━━ RECORDS SUPPLIED ━━

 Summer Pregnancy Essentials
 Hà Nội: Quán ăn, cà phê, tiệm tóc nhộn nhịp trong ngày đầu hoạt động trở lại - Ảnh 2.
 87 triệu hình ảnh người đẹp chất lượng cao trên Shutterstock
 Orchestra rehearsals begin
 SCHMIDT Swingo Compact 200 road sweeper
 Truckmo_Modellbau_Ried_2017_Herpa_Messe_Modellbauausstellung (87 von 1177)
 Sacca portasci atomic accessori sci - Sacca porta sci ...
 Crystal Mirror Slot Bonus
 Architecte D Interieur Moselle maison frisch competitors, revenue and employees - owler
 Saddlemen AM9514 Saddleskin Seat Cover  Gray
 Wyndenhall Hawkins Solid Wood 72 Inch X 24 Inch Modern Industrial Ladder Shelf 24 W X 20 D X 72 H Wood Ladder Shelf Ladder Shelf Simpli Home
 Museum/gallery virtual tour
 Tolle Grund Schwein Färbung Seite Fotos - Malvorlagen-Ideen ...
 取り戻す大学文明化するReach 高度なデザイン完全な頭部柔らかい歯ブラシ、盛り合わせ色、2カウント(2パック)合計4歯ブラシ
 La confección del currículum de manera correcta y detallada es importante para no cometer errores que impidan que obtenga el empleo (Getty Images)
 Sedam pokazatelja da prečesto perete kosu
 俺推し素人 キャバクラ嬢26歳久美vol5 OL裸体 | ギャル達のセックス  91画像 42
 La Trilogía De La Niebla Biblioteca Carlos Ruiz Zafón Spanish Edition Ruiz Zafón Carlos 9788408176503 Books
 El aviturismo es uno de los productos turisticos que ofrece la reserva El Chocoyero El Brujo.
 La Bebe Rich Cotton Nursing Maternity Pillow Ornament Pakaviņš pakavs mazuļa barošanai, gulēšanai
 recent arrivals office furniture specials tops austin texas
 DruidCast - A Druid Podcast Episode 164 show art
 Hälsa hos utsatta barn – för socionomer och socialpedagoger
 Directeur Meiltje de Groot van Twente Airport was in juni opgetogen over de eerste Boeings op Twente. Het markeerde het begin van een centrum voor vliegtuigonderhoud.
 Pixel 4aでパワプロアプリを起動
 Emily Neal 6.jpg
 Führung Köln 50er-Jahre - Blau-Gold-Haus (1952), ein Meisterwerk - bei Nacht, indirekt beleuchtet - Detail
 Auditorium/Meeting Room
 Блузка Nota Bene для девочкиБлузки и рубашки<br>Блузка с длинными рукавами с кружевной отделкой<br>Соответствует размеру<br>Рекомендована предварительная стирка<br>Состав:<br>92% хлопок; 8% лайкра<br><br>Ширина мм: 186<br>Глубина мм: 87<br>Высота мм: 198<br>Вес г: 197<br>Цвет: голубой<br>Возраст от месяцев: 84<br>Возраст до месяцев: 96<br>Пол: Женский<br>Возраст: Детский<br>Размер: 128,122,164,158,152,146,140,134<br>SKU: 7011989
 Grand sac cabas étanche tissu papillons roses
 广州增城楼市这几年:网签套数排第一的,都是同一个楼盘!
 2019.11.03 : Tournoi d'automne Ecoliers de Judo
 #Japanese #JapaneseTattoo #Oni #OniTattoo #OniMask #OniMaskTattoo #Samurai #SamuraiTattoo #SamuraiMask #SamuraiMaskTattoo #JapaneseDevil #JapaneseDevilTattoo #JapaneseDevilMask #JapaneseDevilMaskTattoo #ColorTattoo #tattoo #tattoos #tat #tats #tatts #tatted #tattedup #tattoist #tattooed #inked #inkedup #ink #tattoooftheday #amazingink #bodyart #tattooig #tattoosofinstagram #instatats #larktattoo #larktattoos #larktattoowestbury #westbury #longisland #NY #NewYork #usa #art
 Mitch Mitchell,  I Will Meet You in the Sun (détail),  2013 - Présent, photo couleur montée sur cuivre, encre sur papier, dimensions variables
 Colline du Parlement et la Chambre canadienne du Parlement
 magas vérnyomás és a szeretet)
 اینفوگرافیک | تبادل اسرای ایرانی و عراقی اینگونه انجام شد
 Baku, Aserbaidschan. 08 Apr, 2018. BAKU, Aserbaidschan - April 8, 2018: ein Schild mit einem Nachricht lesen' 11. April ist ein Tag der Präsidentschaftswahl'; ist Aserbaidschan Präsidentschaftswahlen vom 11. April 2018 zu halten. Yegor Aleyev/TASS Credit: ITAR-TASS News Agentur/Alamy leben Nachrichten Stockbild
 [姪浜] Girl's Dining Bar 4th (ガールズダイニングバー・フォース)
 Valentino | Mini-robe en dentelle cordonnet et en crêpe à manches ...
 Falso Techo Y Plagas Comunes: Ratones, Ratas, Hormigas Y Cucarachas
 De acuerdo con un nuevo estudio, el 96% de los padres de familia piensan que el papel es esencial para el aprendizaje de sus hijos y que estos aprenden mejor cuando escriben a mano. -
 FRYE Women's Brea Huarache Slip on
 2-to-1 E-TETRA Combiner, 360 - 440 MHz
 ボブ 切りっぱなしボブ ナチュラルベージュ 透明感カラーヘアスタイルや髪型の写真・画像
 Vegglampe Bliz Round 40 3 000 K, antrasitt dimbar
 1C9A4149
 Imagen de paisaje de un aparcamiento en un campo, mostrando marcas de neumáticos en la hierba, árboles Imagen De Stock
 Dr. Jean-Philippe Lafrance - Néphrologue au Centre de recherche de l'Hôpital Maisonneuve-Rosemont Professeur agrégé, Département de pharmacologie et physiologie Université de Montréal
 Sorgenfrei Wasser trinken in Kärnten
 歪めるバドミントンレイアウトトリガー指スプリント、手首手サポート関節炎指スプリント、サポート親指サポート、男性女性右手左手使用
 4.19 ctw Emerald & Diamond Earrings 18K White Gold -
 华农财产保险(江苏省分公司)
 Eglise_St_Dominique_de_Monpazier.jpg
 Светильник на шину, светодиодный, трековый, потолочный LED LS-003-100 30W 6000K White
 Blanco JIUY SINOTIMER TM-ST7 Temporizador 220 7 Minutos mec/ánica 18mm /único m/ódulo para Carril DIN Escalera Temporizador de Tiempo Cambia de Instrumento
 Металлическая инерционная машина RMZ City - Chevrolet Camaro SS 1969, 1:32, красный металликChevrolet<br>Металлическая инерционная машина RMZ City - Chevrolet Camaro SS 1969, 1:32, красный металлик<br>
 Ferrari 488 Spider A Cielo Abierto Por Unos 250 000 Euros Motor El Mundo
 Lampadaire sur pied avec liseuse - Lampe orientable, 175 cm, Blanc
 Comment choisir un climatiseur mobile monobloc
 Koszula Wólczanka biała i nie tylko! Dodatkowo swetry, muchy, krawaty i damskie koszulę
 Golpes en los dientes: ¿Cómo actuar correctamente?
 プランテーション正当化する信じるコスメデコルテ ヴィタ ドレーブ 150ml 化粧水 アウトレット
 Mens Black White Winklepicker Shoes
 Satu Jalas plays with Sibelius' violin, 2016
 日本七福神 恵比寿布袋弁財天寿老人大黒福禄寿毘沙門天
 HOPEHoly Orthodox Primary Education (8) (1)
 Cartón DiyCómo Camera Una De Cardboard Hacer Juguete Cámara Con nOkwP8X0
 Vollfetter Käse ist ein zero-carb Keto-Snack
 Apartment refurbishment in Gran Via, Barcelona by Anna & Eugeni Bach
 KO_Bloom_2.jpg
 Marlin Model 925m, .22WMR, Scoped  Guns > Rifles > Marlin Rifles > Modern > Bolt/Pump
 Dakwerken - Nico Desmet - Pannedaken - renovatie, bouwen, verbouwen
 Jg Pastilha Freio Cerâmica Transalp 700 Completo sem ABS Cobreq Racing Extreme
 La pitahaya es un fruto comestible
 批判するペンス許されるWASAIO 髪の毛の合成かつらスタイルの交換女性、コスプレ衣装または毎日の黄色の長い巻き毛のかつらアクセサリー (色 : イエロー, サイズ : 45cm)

━━━

**TASK OBJECTIVE:** The expected output is exactly the lines of the listing above between the line holding "俺推し素人 キャバクラ嬢26歳久美vol5 OL裸体" and the line holding "El aviturismo es", inclusive.

**OUTPUT BELOW:**
 俺推し素人 キャバクラ嬢26歳久美vol5 OL裸体 | ギャル達のセックス  91画像 42
 La Trilogía De La Niebla Biblioteca Carlos Ruiz Zafón Spanish Edition Ruiz Zafón Carlos 9788408176503 Books
 El aviturismo es uno de los productos turisticos que ofrece la reserva El Chocoyero El Brujo.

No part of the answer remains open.